The change in the law was not from the benevolence of lawmakers. No, it was because politicians needed the vote of workers at election time. It had become untenable to those workers that their voice - the union - was criminalised for seeking to improve their wages and working conditions, and so, increasingly, governments had to make concessions to labour by legislating more worker-friendly laws.
The common law - except for statutory intervention - has always favoured the business class in preference to workers. That is why Dr Taylor highlights the passage of the 1974 Labour Relations and Industrial Disputes Act as one of the most important pieces of legislation since the Emancipation Act of 1838. So, prior to the establishment of the Labour Tribunal in Jamaica in 1974, the worker had to seek recourse in the courts. The courts frowned upon reinstatement, and would not compel an employer to re-employ a worker, no matter how egregious the unlawful circumstances surrounding his dismissal were. So the worker could only receive damages in lieu of reinstatement.
These damages were usually assessed in favour of the employer. The courts would not give an award above a formula that estimated "the amount of time it would take the unlawfully dismissed worker, with the best of efforts, to find new employment in the job market". Invariably, this would be no more than three months' pay.

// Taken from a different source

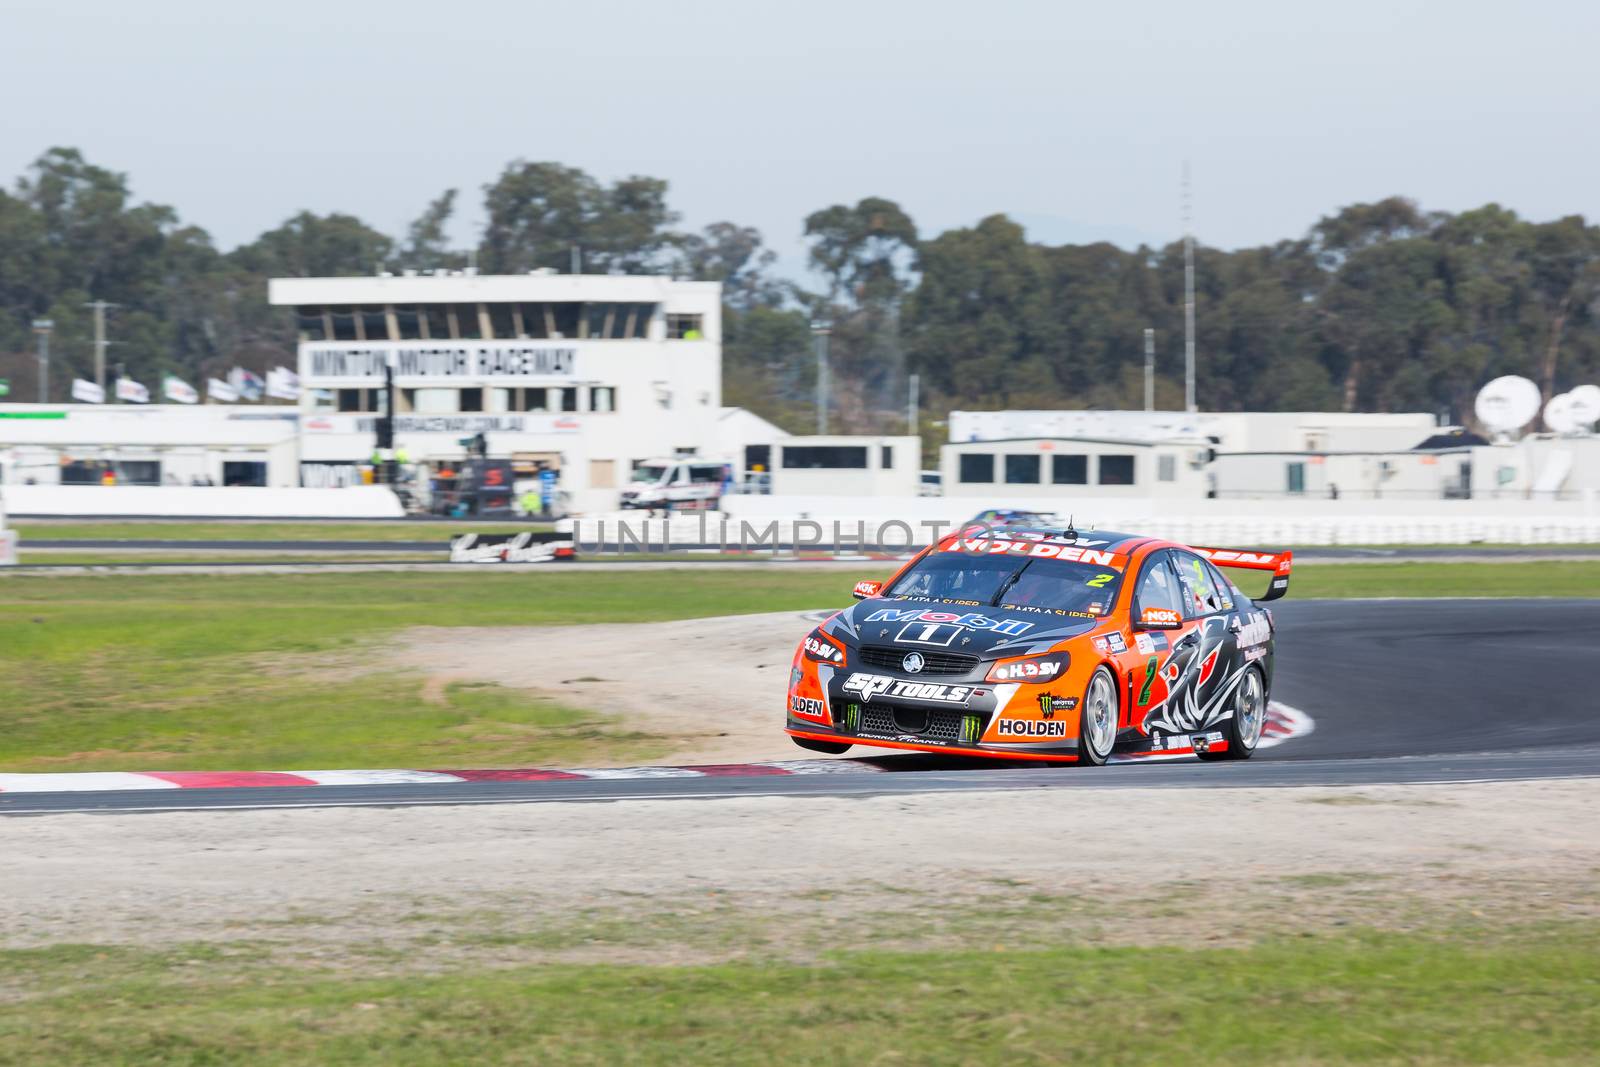 MELBOURNE, WINTON/AUSTRALIA, 22 MAY , 2016: Qualifiying session for race 11 of the Vigin Australia Supercars Champiionship at Winton Raceway.

Naturally, this approach to an unjustifiable dismissal presented incentive to a shrewd employer to make the calculated decision to - without good cause - dismiss a long-standing worker or an active union delegate, thereby avoiding the payment of severance earned by this long-service employee.
The Labour Relations and Industrial Tribunal revolutionised the remedies open to the worker, wresting labour disputes from the halls of the Supreme Court and taking them to the tribunal, where a member elected by the union, one employer representative, and the third, an independent member, could deliberate on labour disputes.
We should never take the inclusion of a union representative to sit and deliberate on labour disputes as an achievement of any small measure. The judges of the courts have been more closely aligned to the employer class than the working class. Judges themselves have, sometimes, been quite conscious of their particular bias.